[SOURCE DATA]
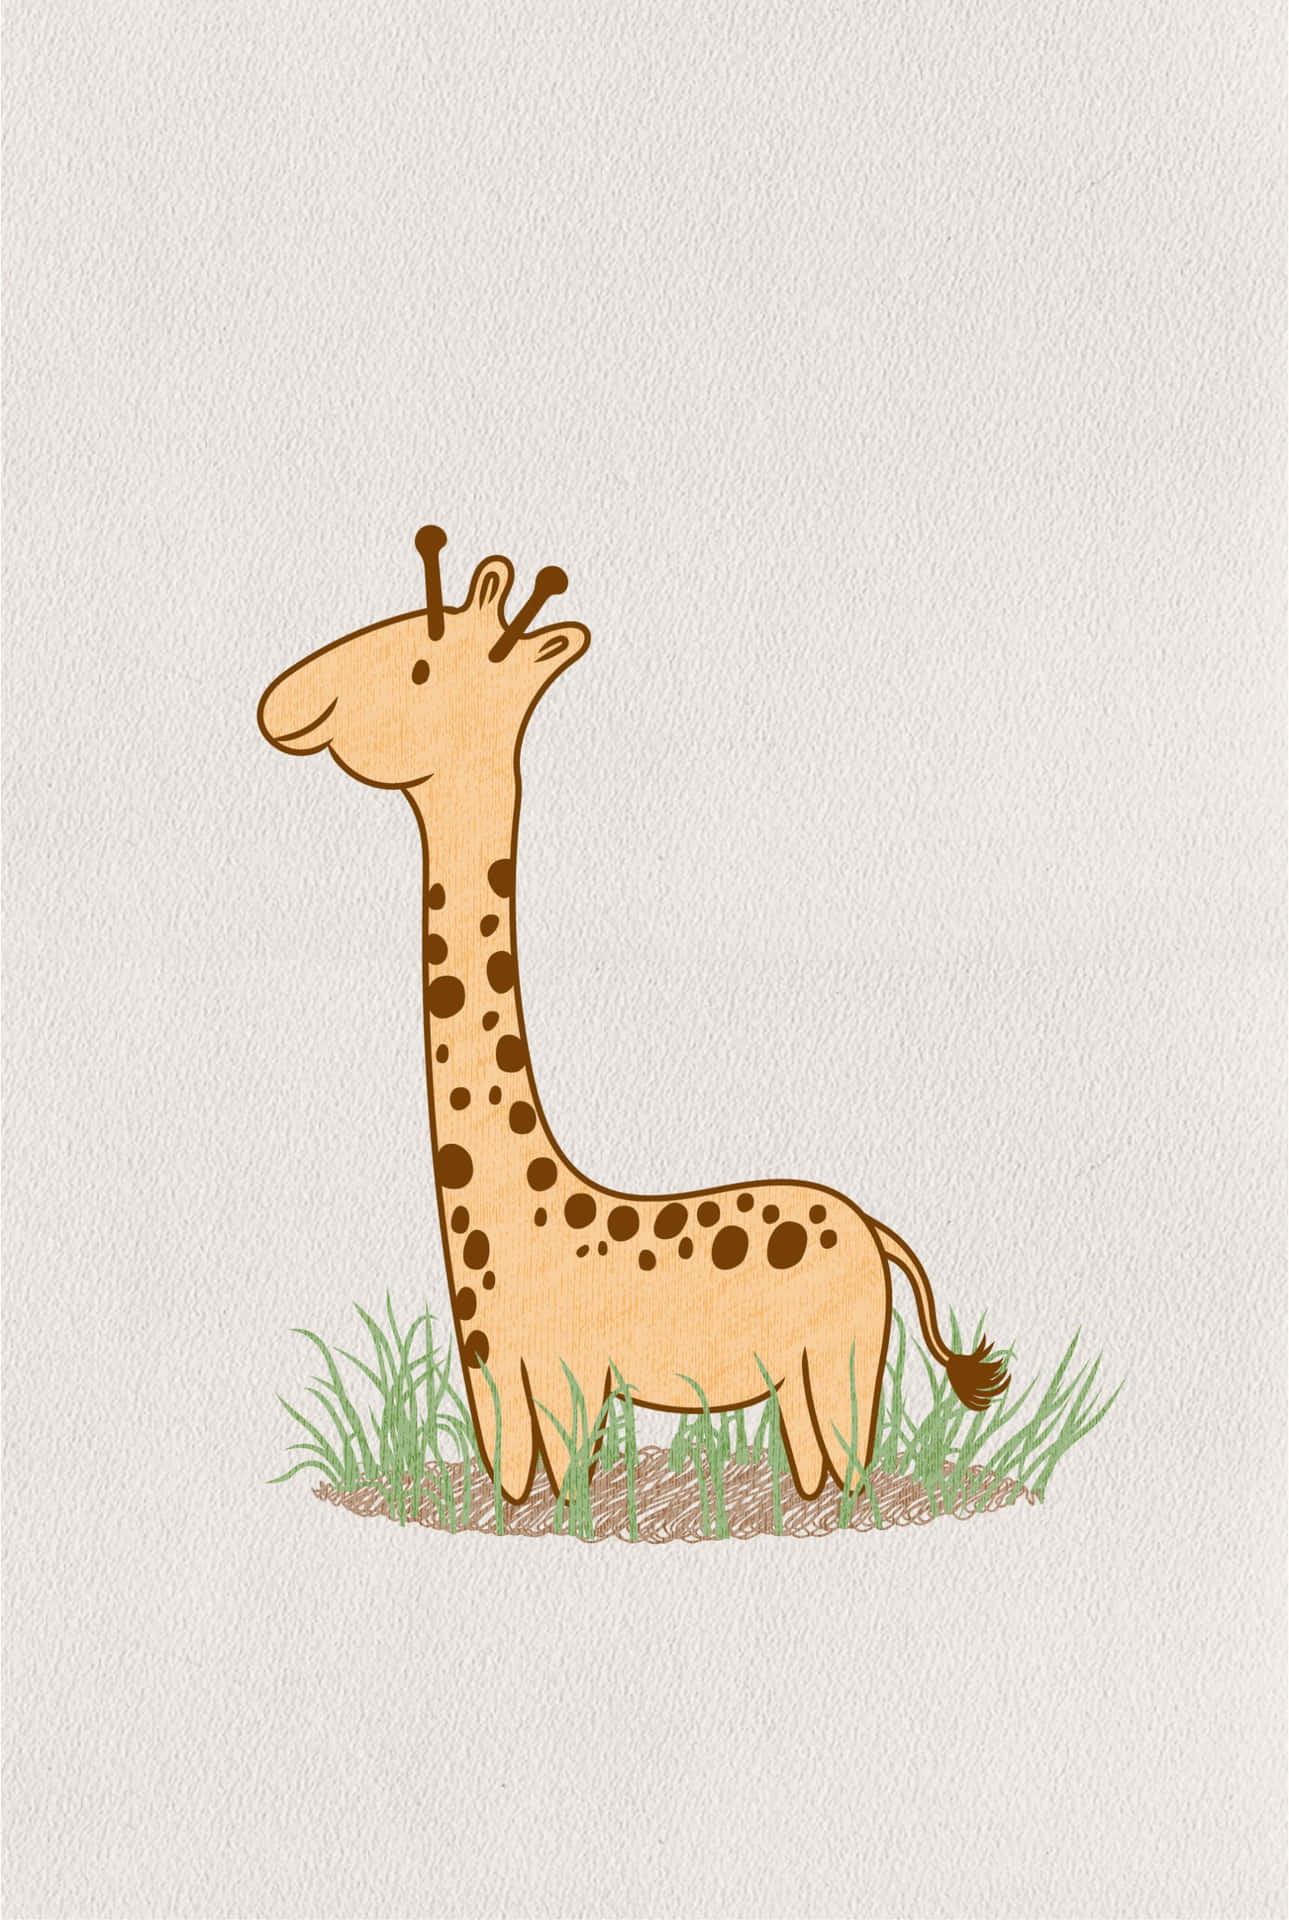 cute giraffe drawings tumblr
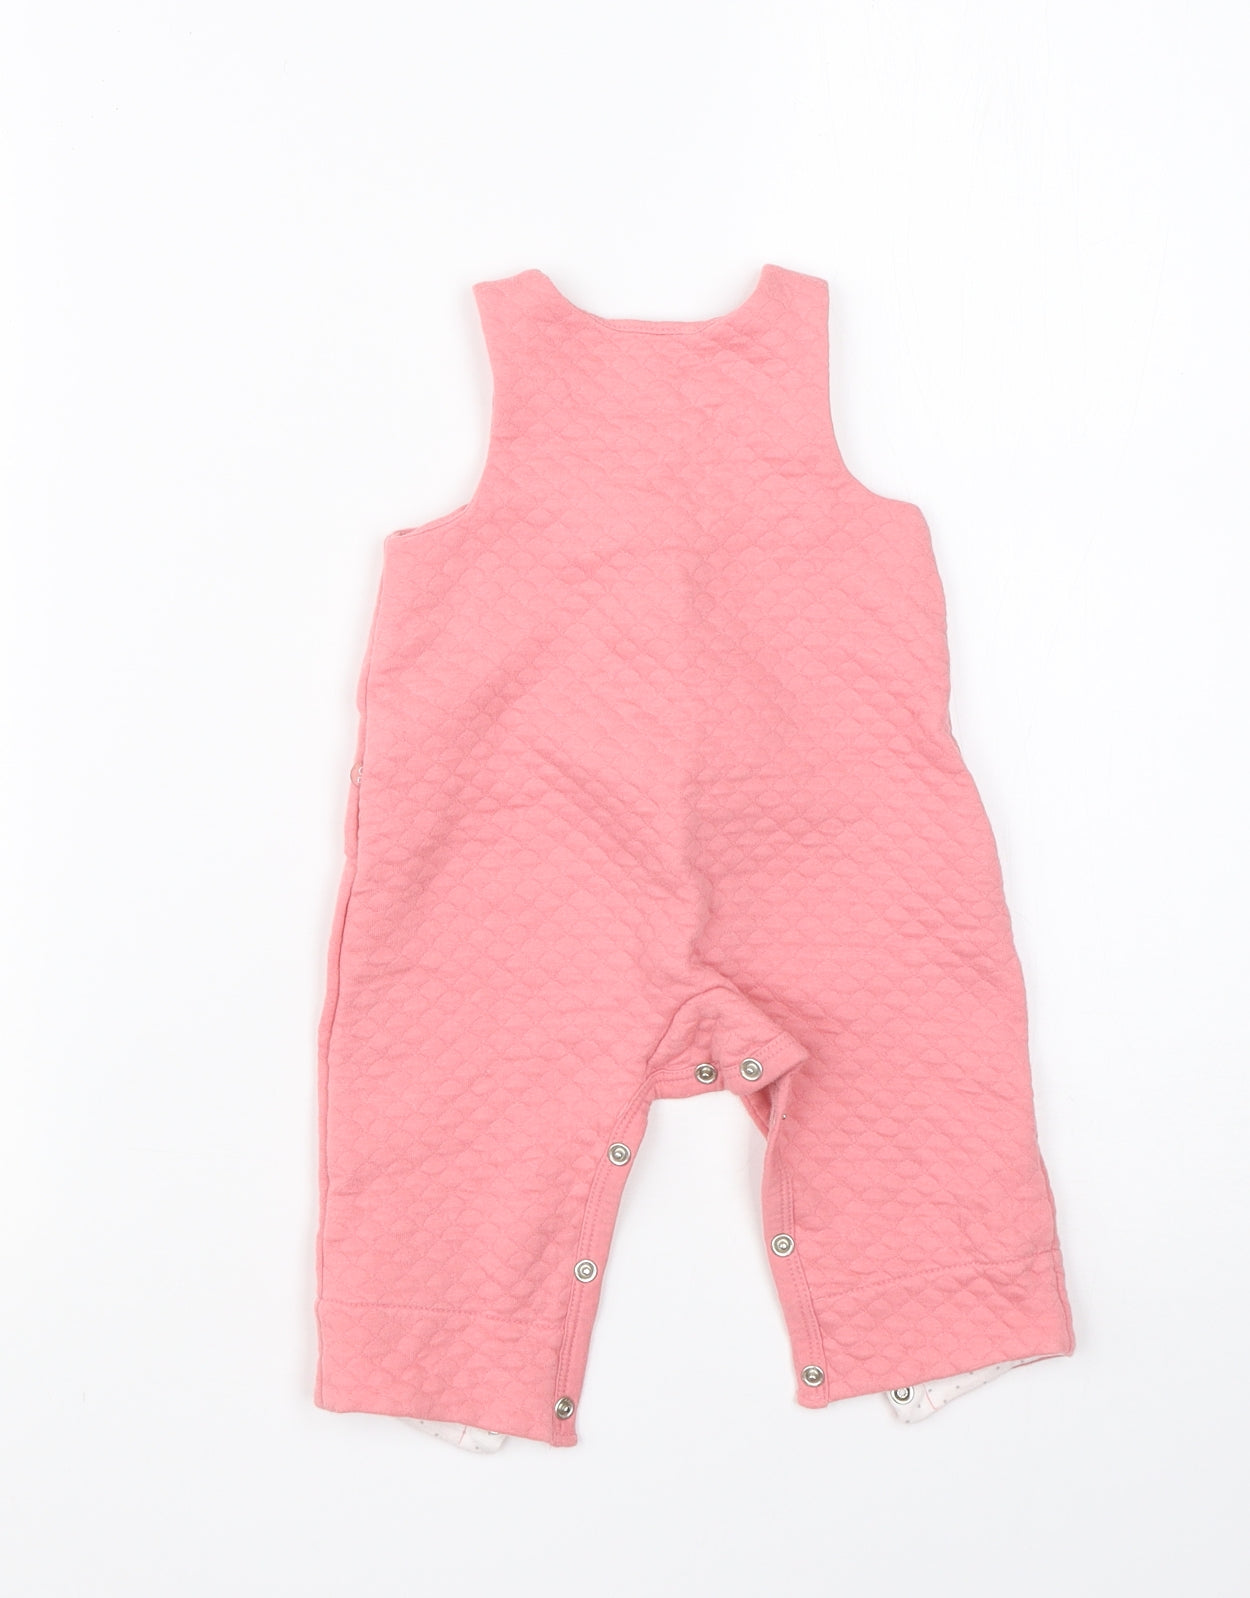 Obaibi Girls Pink  Cotton Babygrow One-Piece Size 3-6 Months
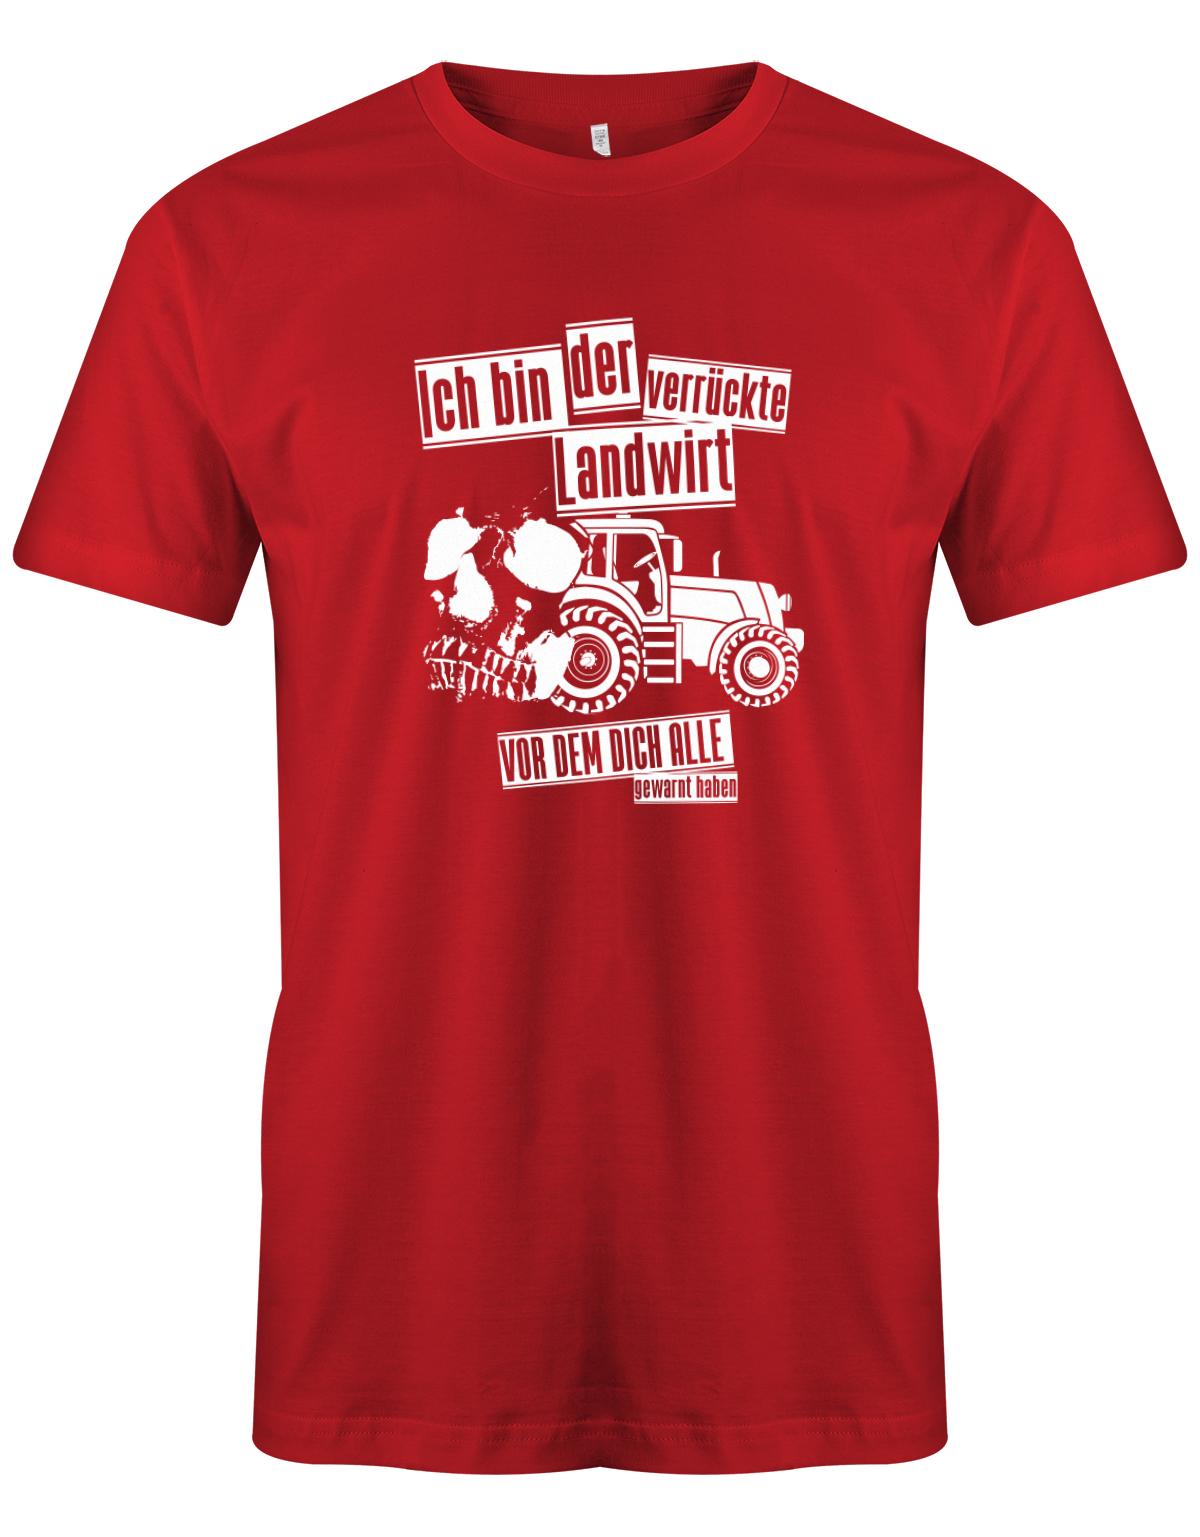 Landwirtschaft Shirt Männer - Ich bin der verrückte Landwirt vor dem dich alle gewarnt haben. Rot
[/SOURCE DATA]
PROBLEM -> Could you repeat all of the material exactly? Pictures should not be copied.

ANSWER SPACE ->
 cute giraffe drawings tumblr
 Obaibi Girls Pink  Cotton Babygrow One-Piece Size 3-6 Months
 Landwirtschaft Shirt Männer - Ich bin der verrückte Landwirt vor dem dich alle gewarnt haben. Rot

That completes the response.